In a study performed in

In a study performed in elderly women, strontium ranelate did not affect global primary and secondary haemostatic parameters [37]. In the present study, there was no statistically significant difference in the incidence of VTE between

osteoporotic patients treated with strontium ranelate and the untreated osteoporotic cohort. These results are in accordance with a recent study using a self-controlled case series method in the GPRD that did not show a greater association of VTE with strontium ranelate selleckchem treatment [20]. In our study, we have included larger population with a longer follow-up, and thus, results are more informative and strengthened. Furthermore, the incidence of VTE with strontium ranelate is very similar to that for osteoporotic patients treated with alendronate sodium, a treatment for which a greater association with VTE has never been shown [38–40]. This study has some limitations since it

is a retrospective study cohort with no randomisation process to define the populations and with incomplete or unmeasured confounding factors find more such as severity of osteoporosis, immobilisation, prolonged travel, and family history of VTE. To take into account differences between treated and untreated groups, multiple adjustments on risk factors of VTE have been performed.
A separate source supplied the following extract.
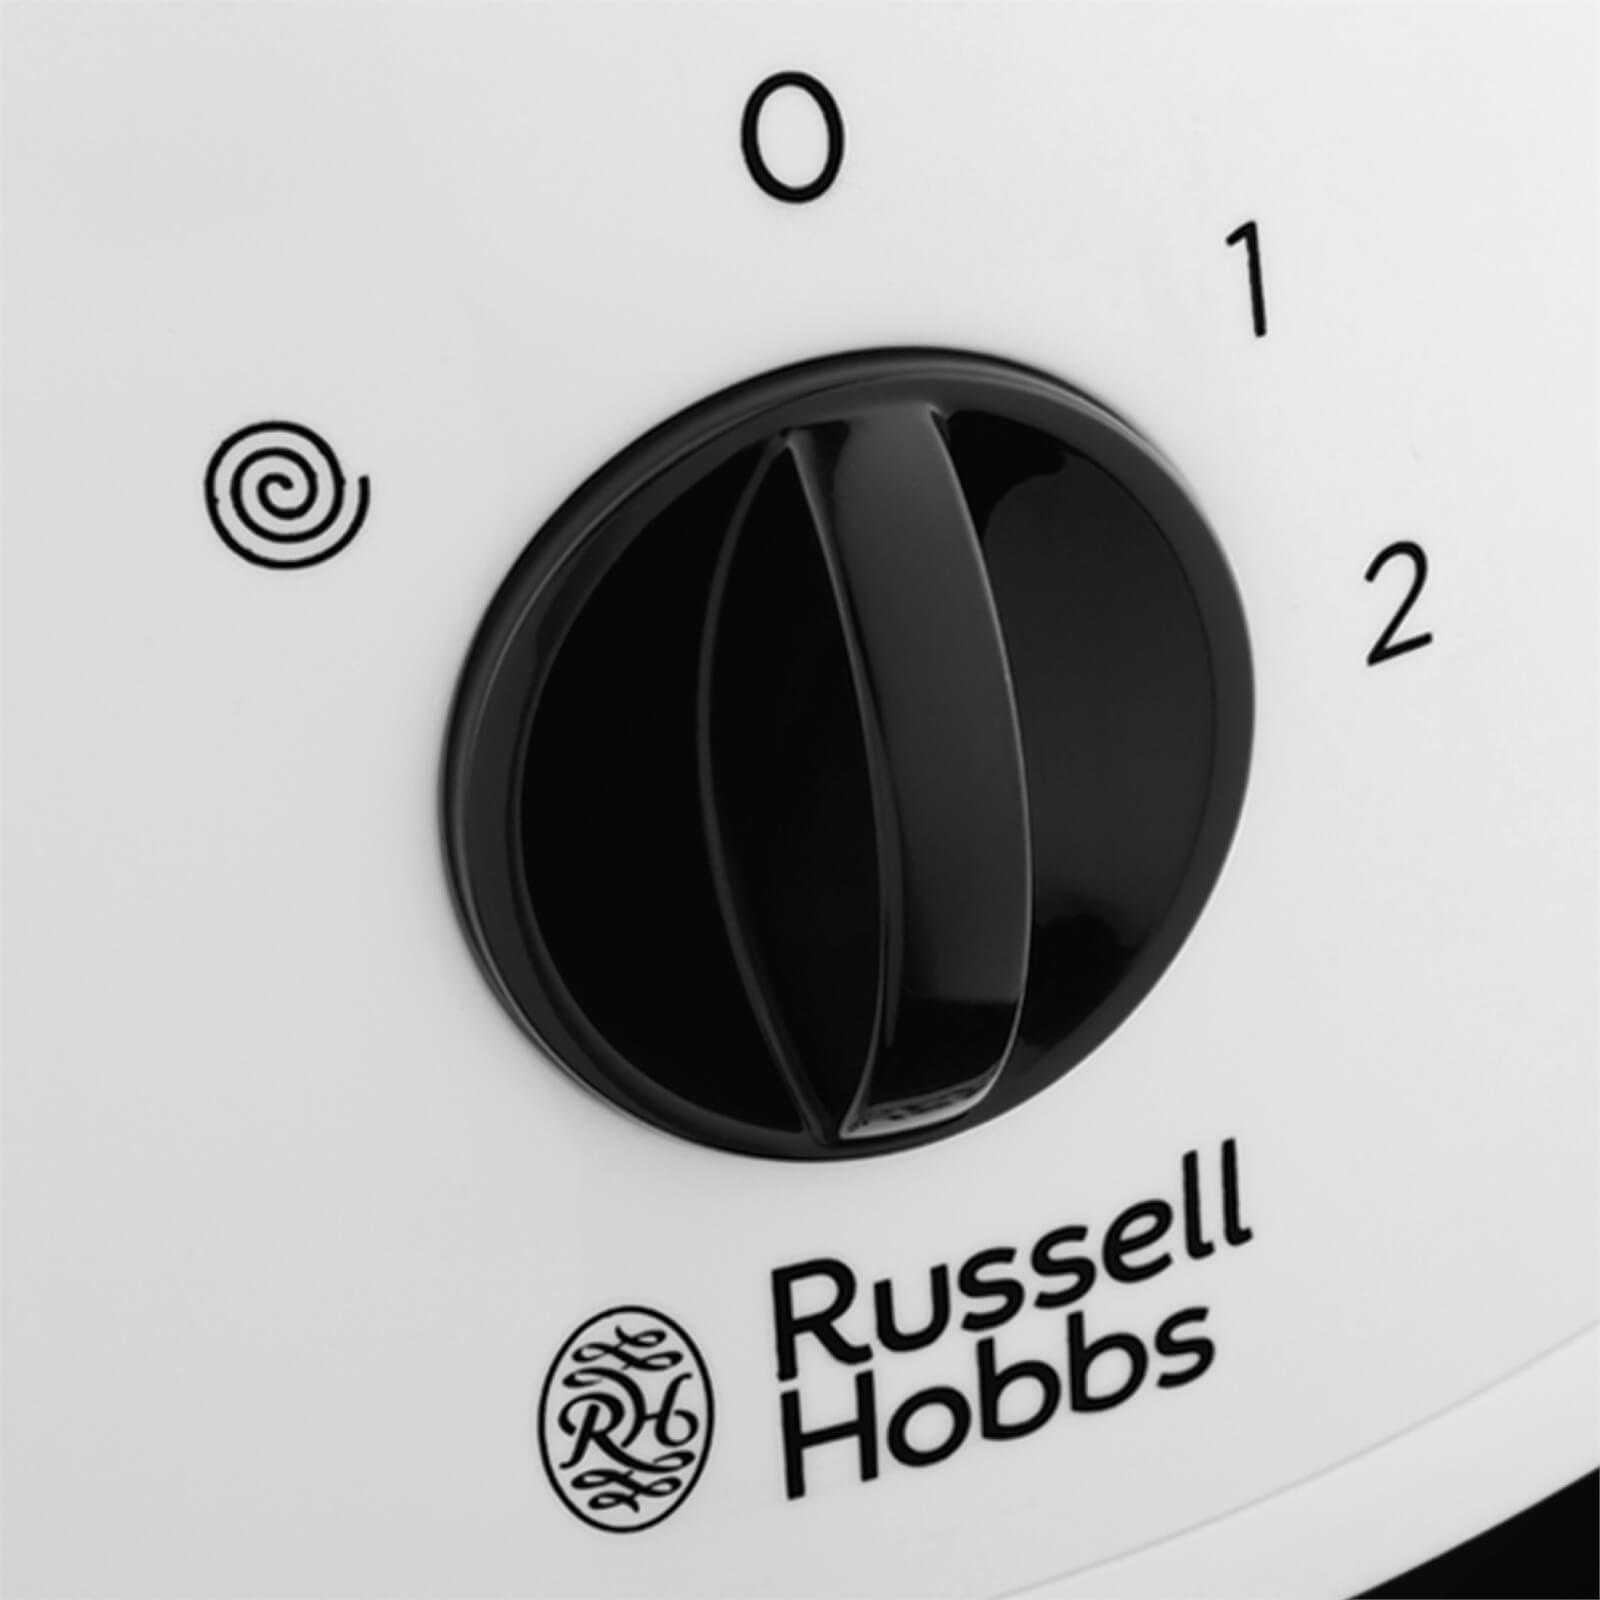 Russell Hobbs Jug Blender

However, even if the main risk factors have been taken into account, we cannot rule out residual confounding effect. In addition, as strontium ranelate is a new anti-osteoporotic treatment the population treated with strontium ranelate is smaller, and the mean follow-up duration is shorter when compared to alendronate IWR-1 order sodium cohort studied. For these reasons, a certain imbalance in analyses could not be excluded, and therefore, this study does not provide the same level of proof than double-blinded placebo controlled clinical

trials. However, we should HSP90 note that the population profile of this study is in conformity with what might be expected in terms of characteristics and observed increased risk for VTE with age. Furthermore, the fact that our study did not show an association between strontium ranelate treatment and increased risk for VTE, when compared with untreated patients, is reinforced by robustness analyses demonstrating no difference between current users and non-users. Finally, the rates of mortality were similar in the two treated cohorts (2.9% in the strontium ranelate cohort and 4.0% in the alendronate sodium cohort) avoiding any doubts regarding the potential under-reporting of VTE leading to death and therefore, removing the bias of not diagnosed VTE. In conclusion, this study shows for the first time that osteoporosis is associated with increased risk for VTE, probably related to the osteoporotic disease itself and its associated comorbidities.